Este año he empezado a dar clases en varios grados de Ingeniería de Telecomunicaciones en la Universidad Carlos III de Madrid. Imparto dos asignaturas sobre programación concurrente de segundo curso, lo que supone un cambio de paradigma en la forma de pensar: de secuencial a paralelo.

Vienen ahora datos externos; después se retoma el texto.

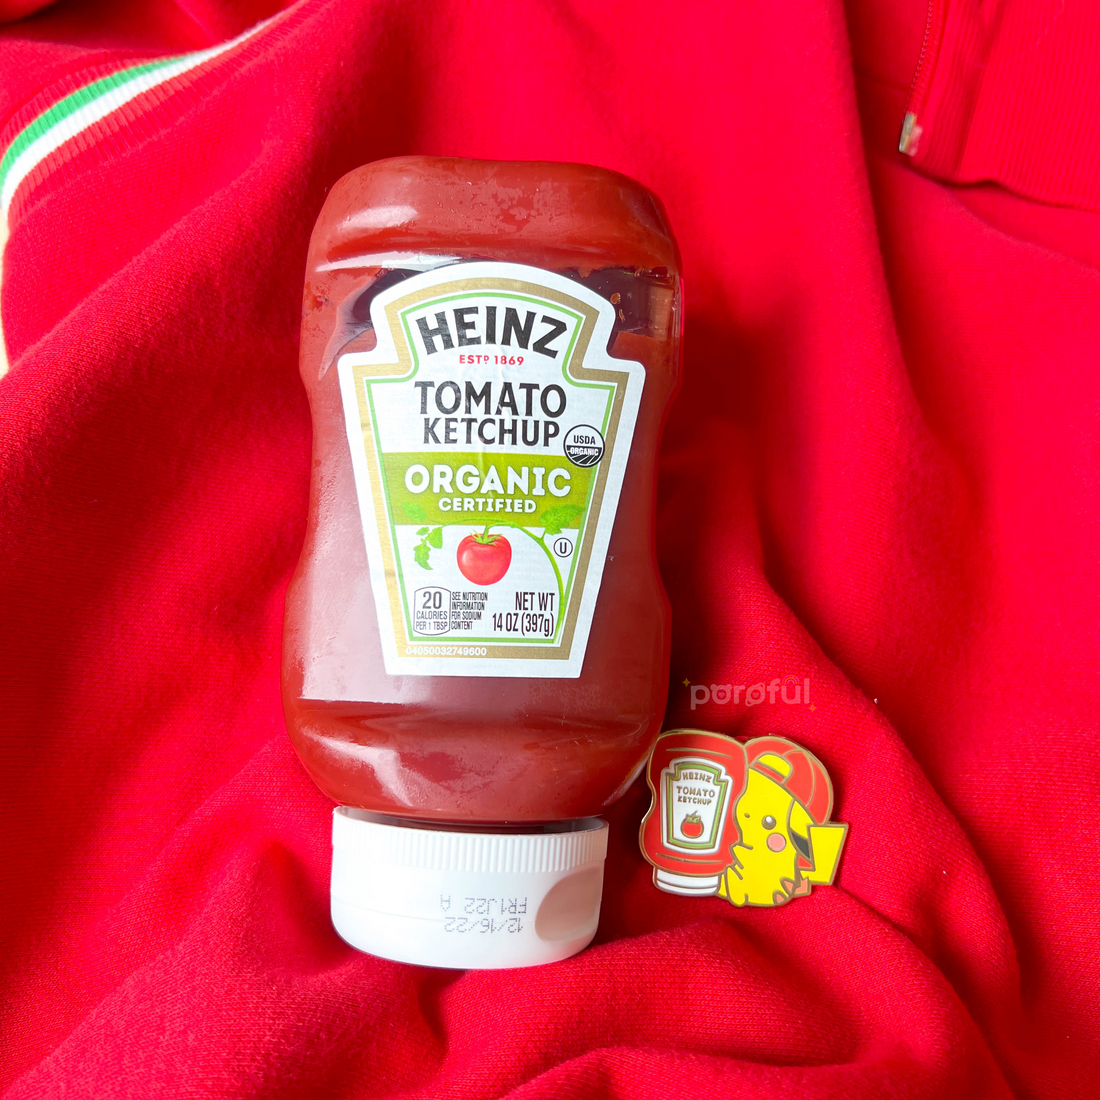 Ketchup Enamel Pin

Las dos primeras semanas me encontré bastante incómodo, estresado, bastante frustrado por las preguntas que hacían los alumnos, por no sentir que no estaba sabiendo comunicarles los conocimientos que albergaba. Cada vez que entraba en el laboratorio y miraba a los alumnos, me sentía pesado, cargado, con energía baja y con pocas ilusiones hacia la docencia. Esto fue lo que me despertó la conciencia ya que todo eso es algo que no es común en mí y, por lo tanto, estaba diciéndome algo. Después de darle algunas vueltas, de reflexionar qué estaba pasando, me di cuenta de que todo ese cúmulo de emociones no era mío sino que lo estaba empatizando de los alumnos. ¡Claro! Al final los coaches somos espejo de las personas que tenemos delante de nosotros y sólo estaba recibiendo lo que los alumnos sentían.

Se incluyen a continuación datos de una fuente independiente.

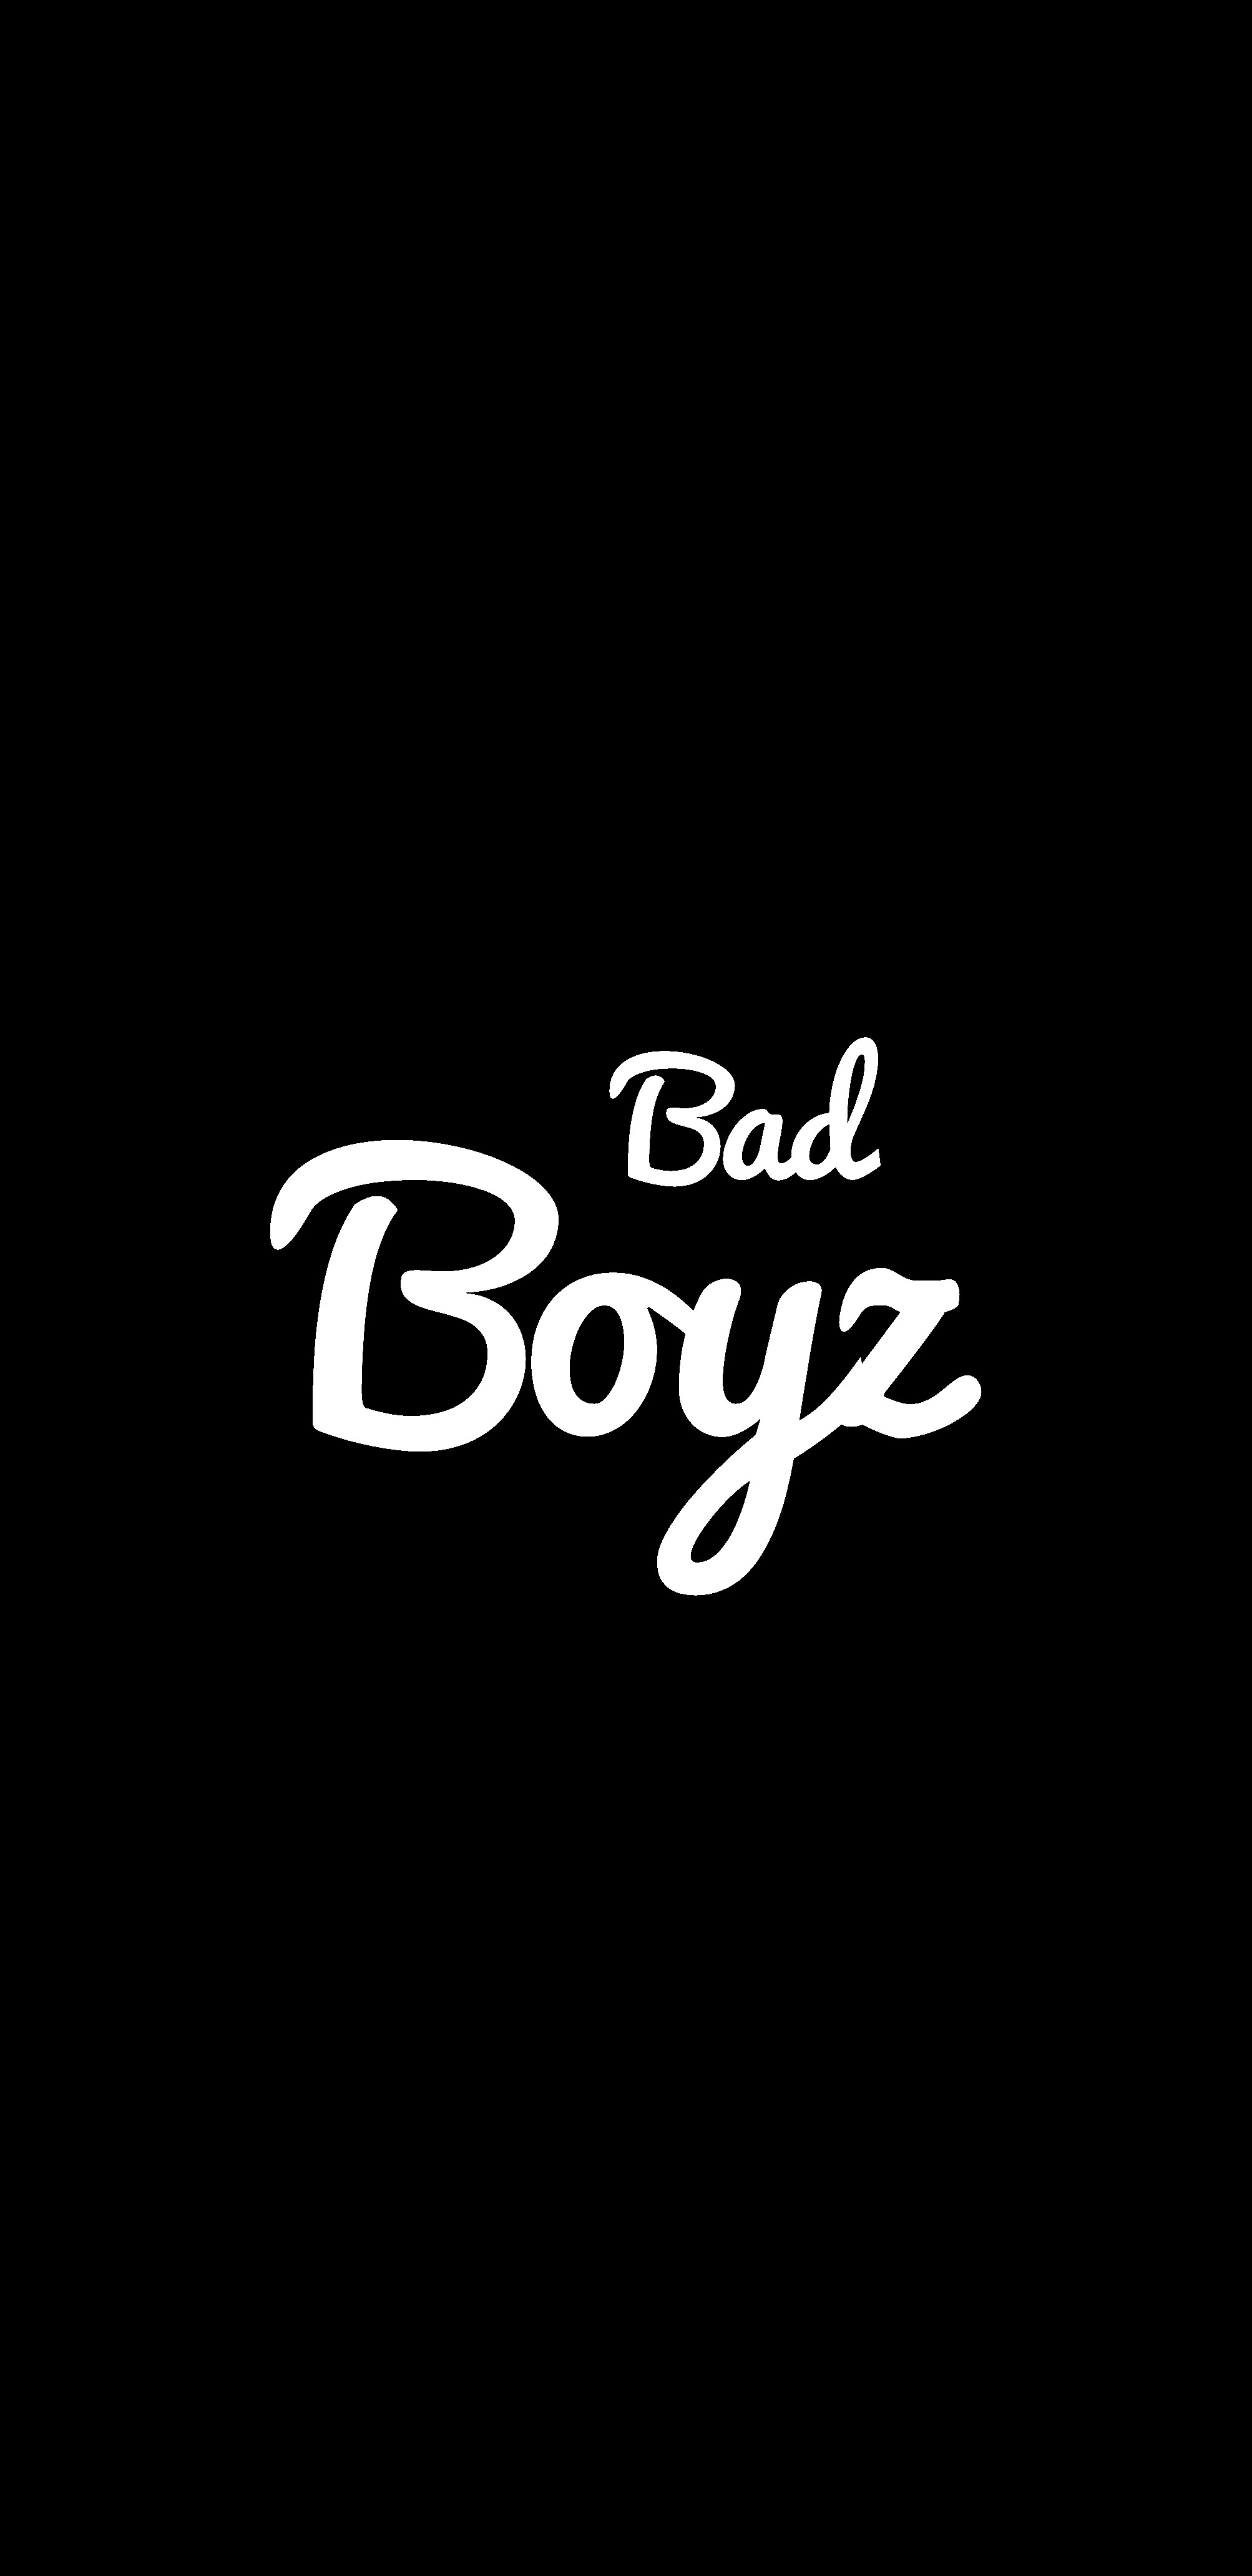 I Am Bad Boy - Black Background

La tercera semana, me dirigí al aula con un pensamiento: “no soy profesor, soy coach e ingeniero, haz lo que sabes hacer: facilitar espacios saludables emocionalmente y de aprendizaje desde la experiencia”. Así que me fui hacia el aula, me planté delante de los alumnos y sencillamente les plantee tres preguntas:

  • ¿Cómo estáis emocionalmente?
  • ¿Cómo os sentís con respecto a la asignatura?
  • ¿Qué me pedís como profesor vuestro?

Lo siguiente que ocurrió, tras ofrecerles la confianza absoluta y completa de que aquellas preguntas surgían desde mi preocupación personal hacia lo que estaba ocurriendo, comenzaron a expresar verbalmente su frustración, su cansancio y su enfado provocado por las semanas anteriores. También me hicieron peticiones concretas como docente.

Escuché de lo que me dijeron la necesidad de sentir que avanzaban en su aprendizaje a programar en C (lenguaje que es nuevo para ellos, que aprenden Java el año anterior). Metí esa necesidad en la coctelera junto con las herramientas de facilitación y aprendizaje experiencial colaborativo, planteé la idea de que hiciéramos entre todos un Coding DOJO donde yo sería el conductor del teclado y ellos los programadores. Además les abrí la puerta a que escogieran ellos mismos lo que íbamos a programar para generar en ellos compromiso hacia la solución del problema.

Hora y media después habíamos implementado una agenda de teléfonos, con consulta y modificación de datos de forma colaborativa. Ellos lo habían hecho y habían sentido que avanzaban, que ya sabían programar y que lo único que necesitaban era mejorar su agilidad programando.

Mi aprendizaje de todo esto fue poner conciencia en qué patrones estoy repitiendo (estaba enseñando de la misma forma que me habían enseñado a mí) y como coach, al igual que como docente, hay más información en una pregunta abierta que en una respuesta concreta.